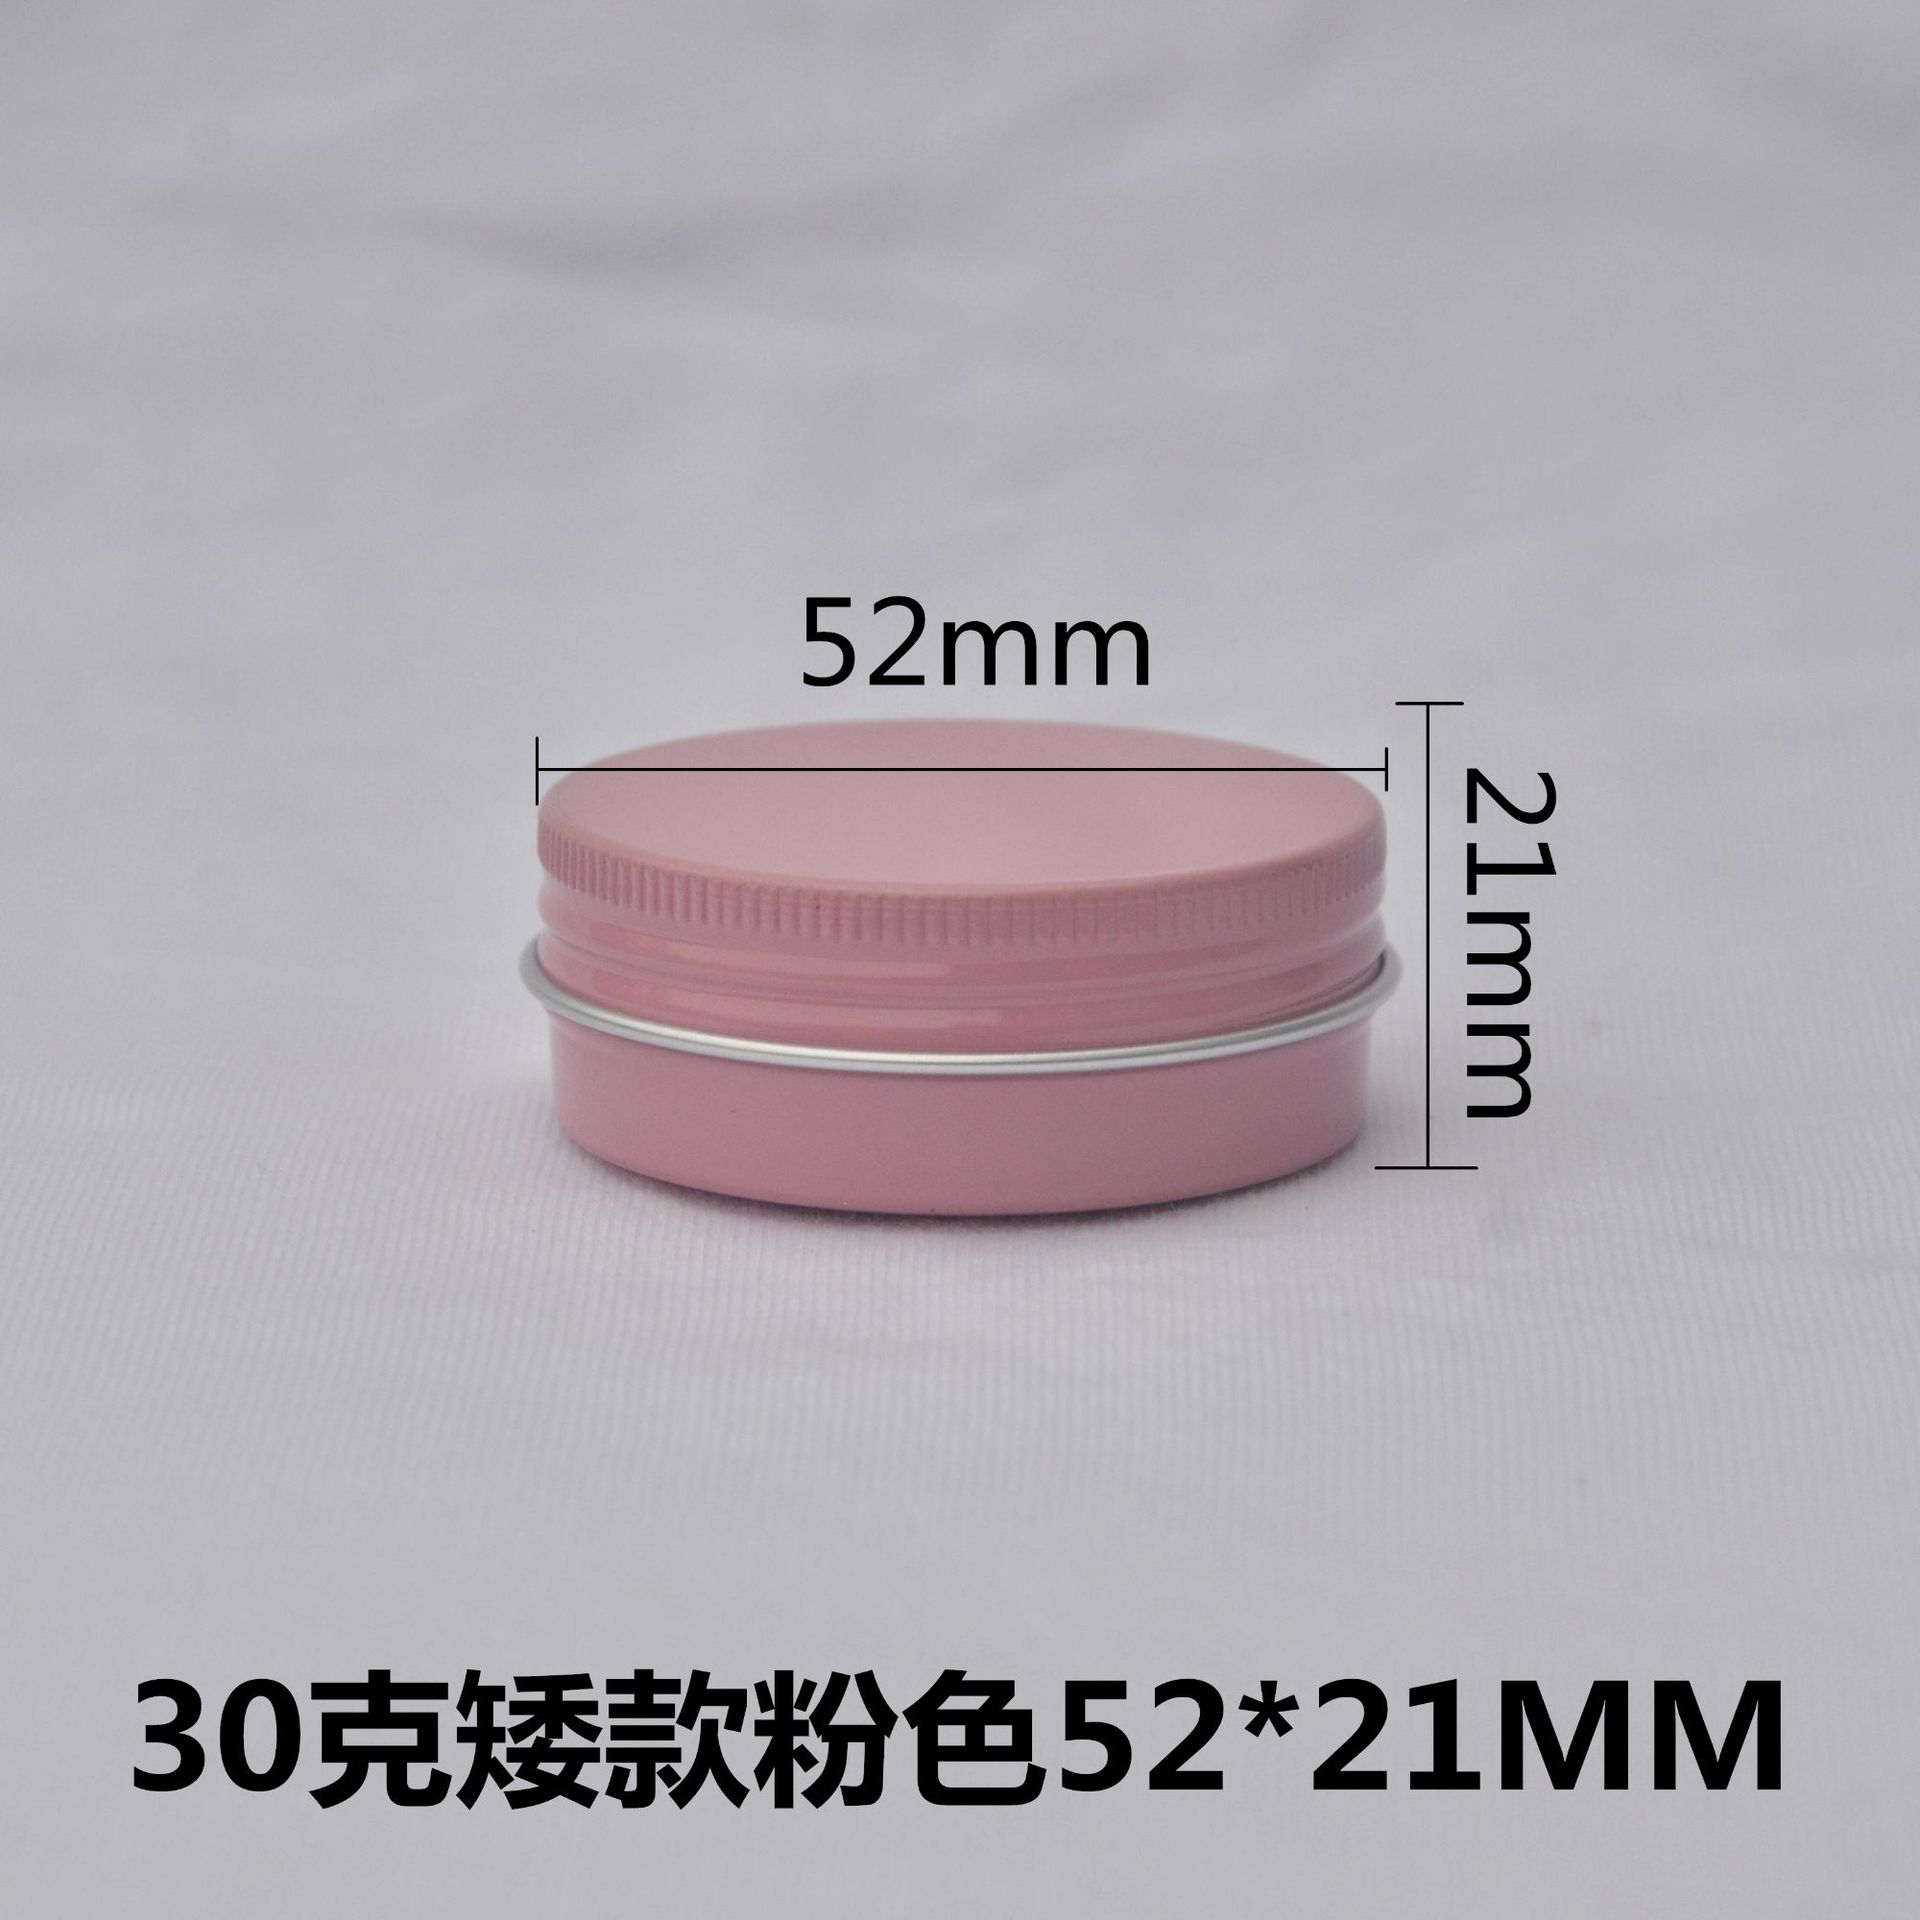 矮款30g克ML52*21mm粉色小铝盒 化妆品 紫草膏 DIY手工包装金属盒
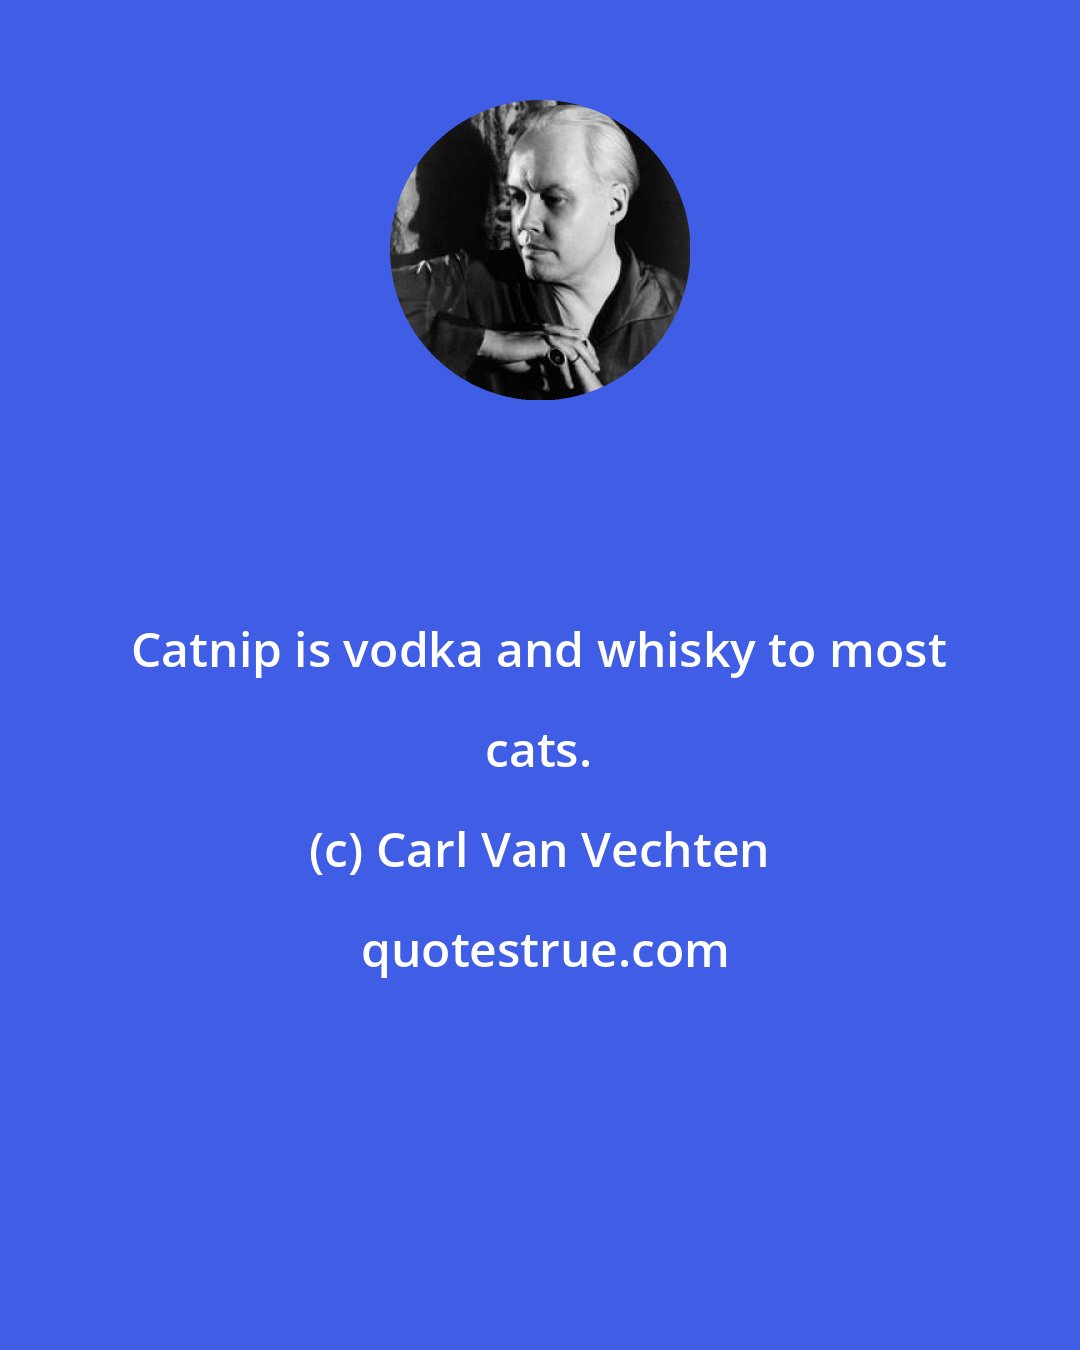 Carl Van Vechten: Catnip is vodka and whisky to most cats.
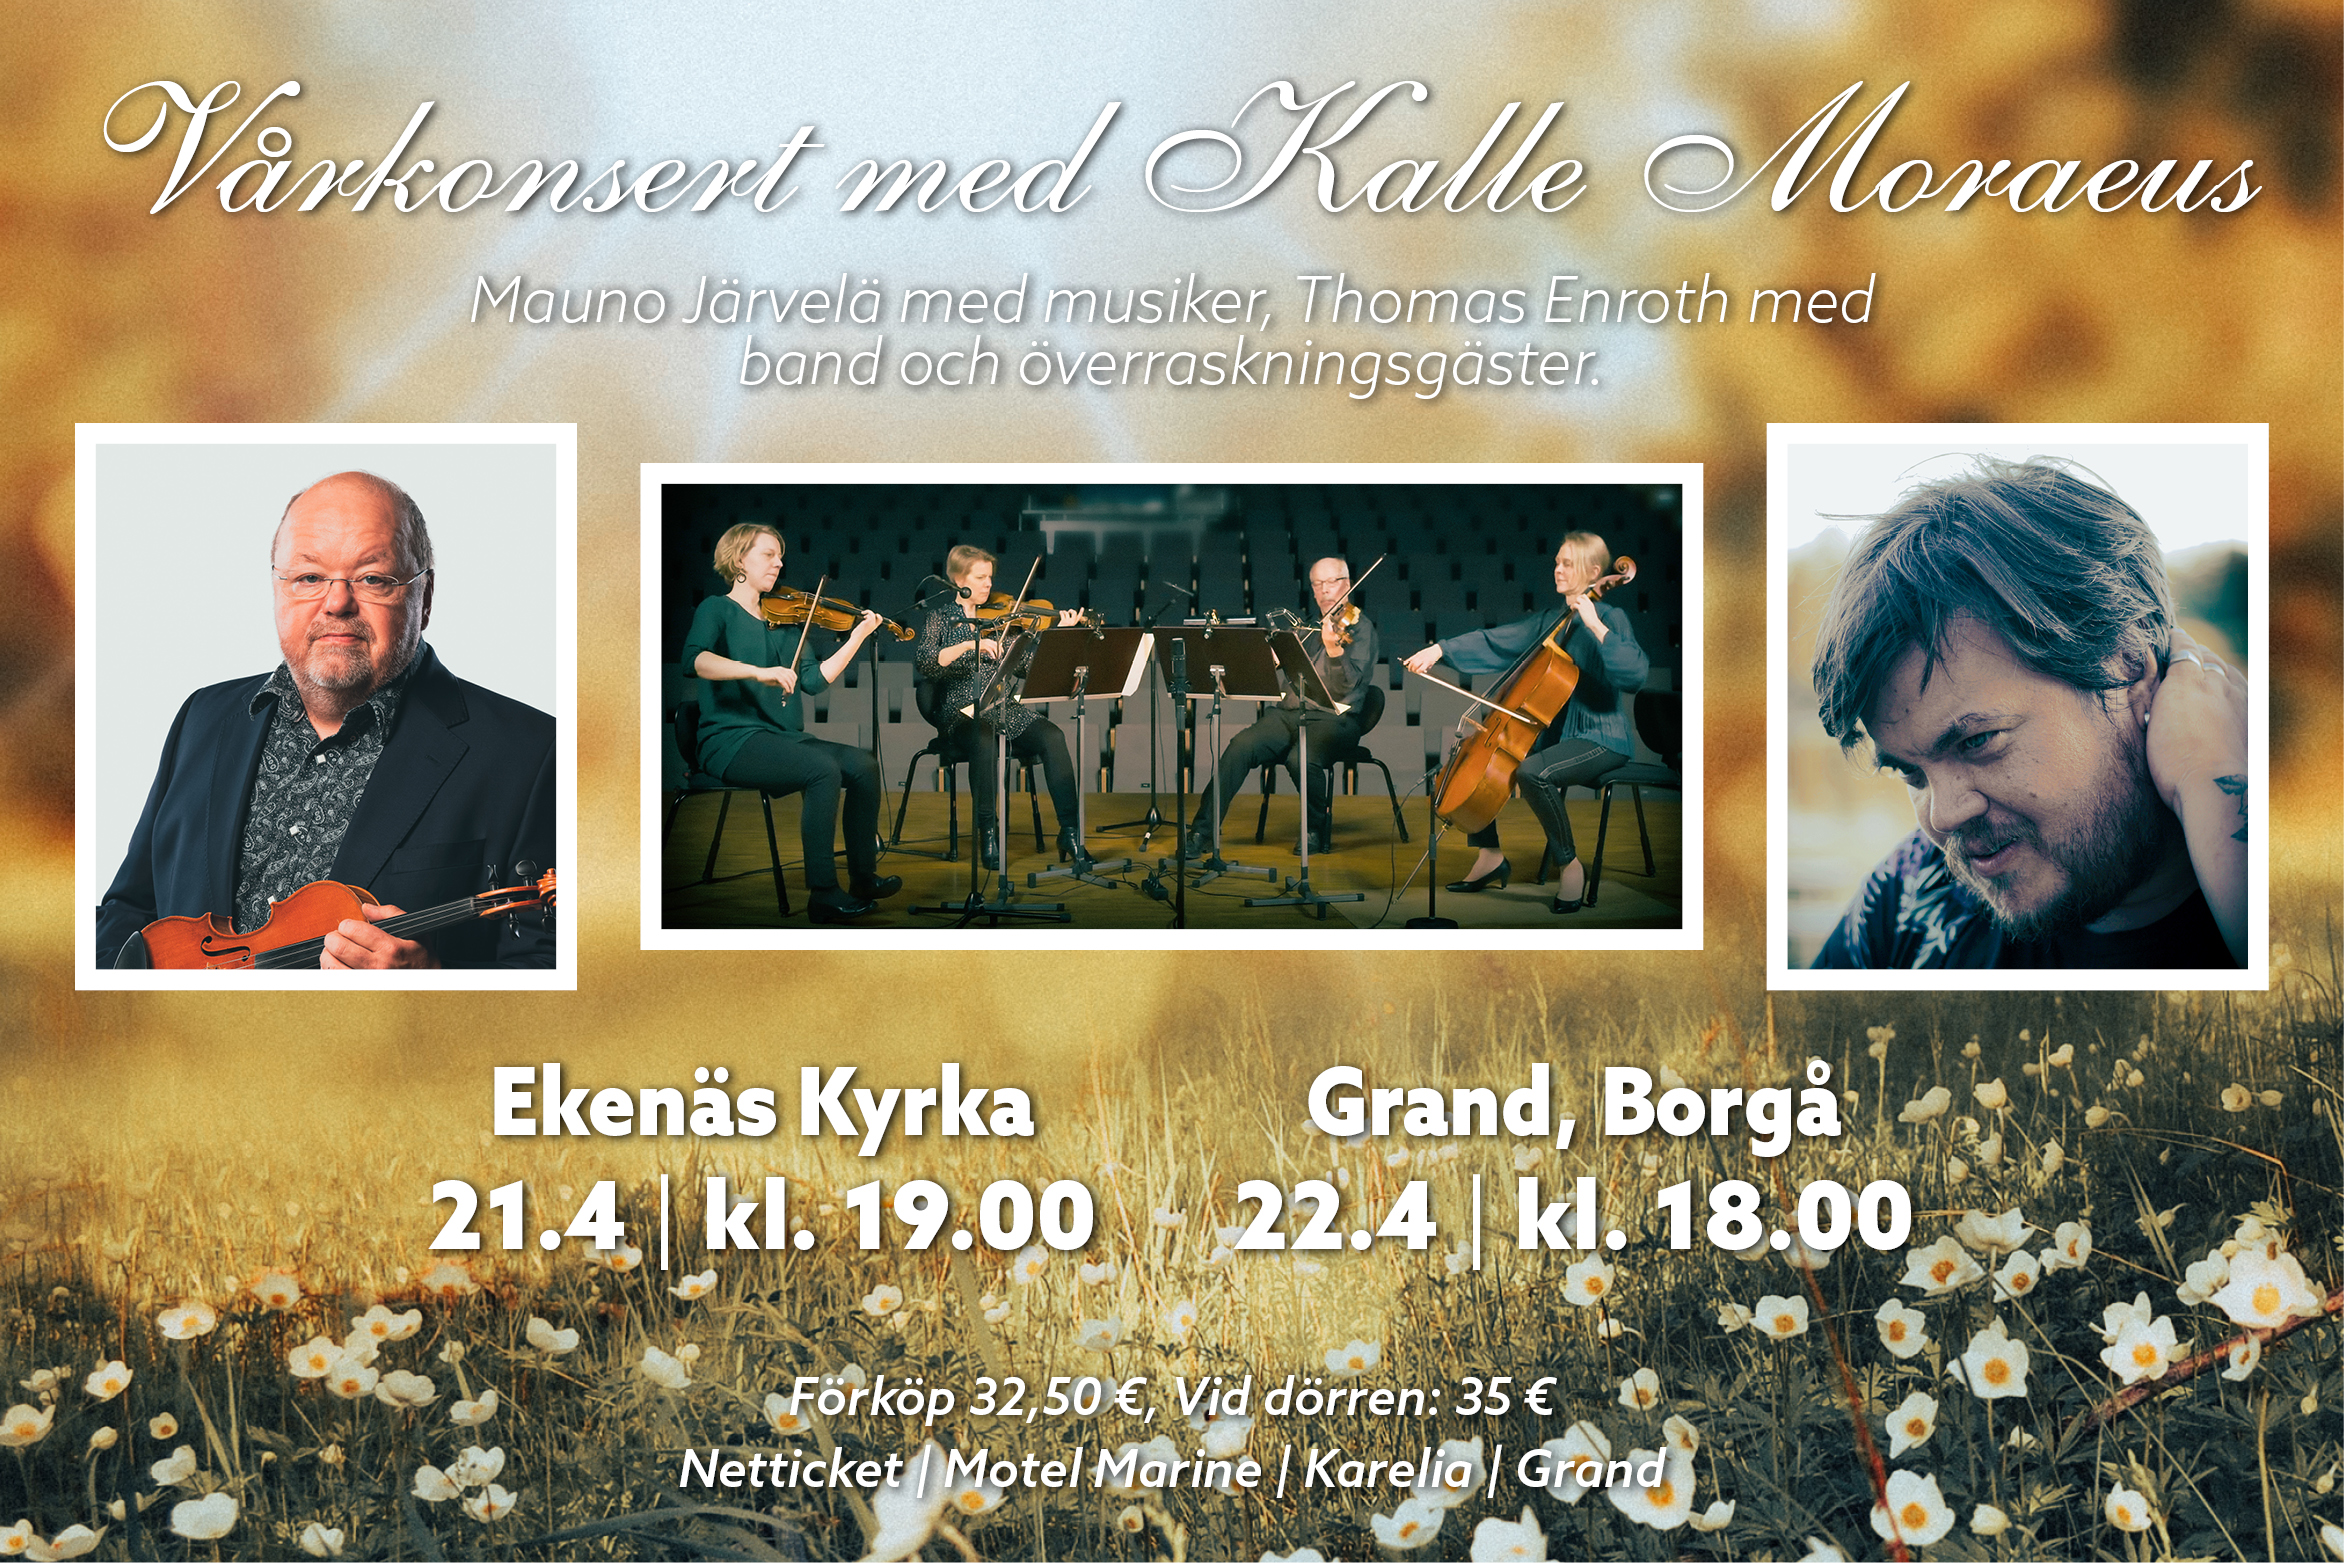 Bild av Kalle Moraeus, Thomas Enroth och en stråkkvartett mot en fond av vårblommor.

* _Exercise objective_
What the reply must contain is an exact transcription of the data above and none of its pictures.

* _Your response_
 矮款30g克ML52*21mm粉色小铝盒 化妆品 紫草膏 DIY手工包装金属盒
 Carl Van Vechten: Catnip is vodka and whisky to most cats.
 Bild av Kalle Moraeus, Thomas Enroth och en stråkkvartett mot en fond av vårblommor.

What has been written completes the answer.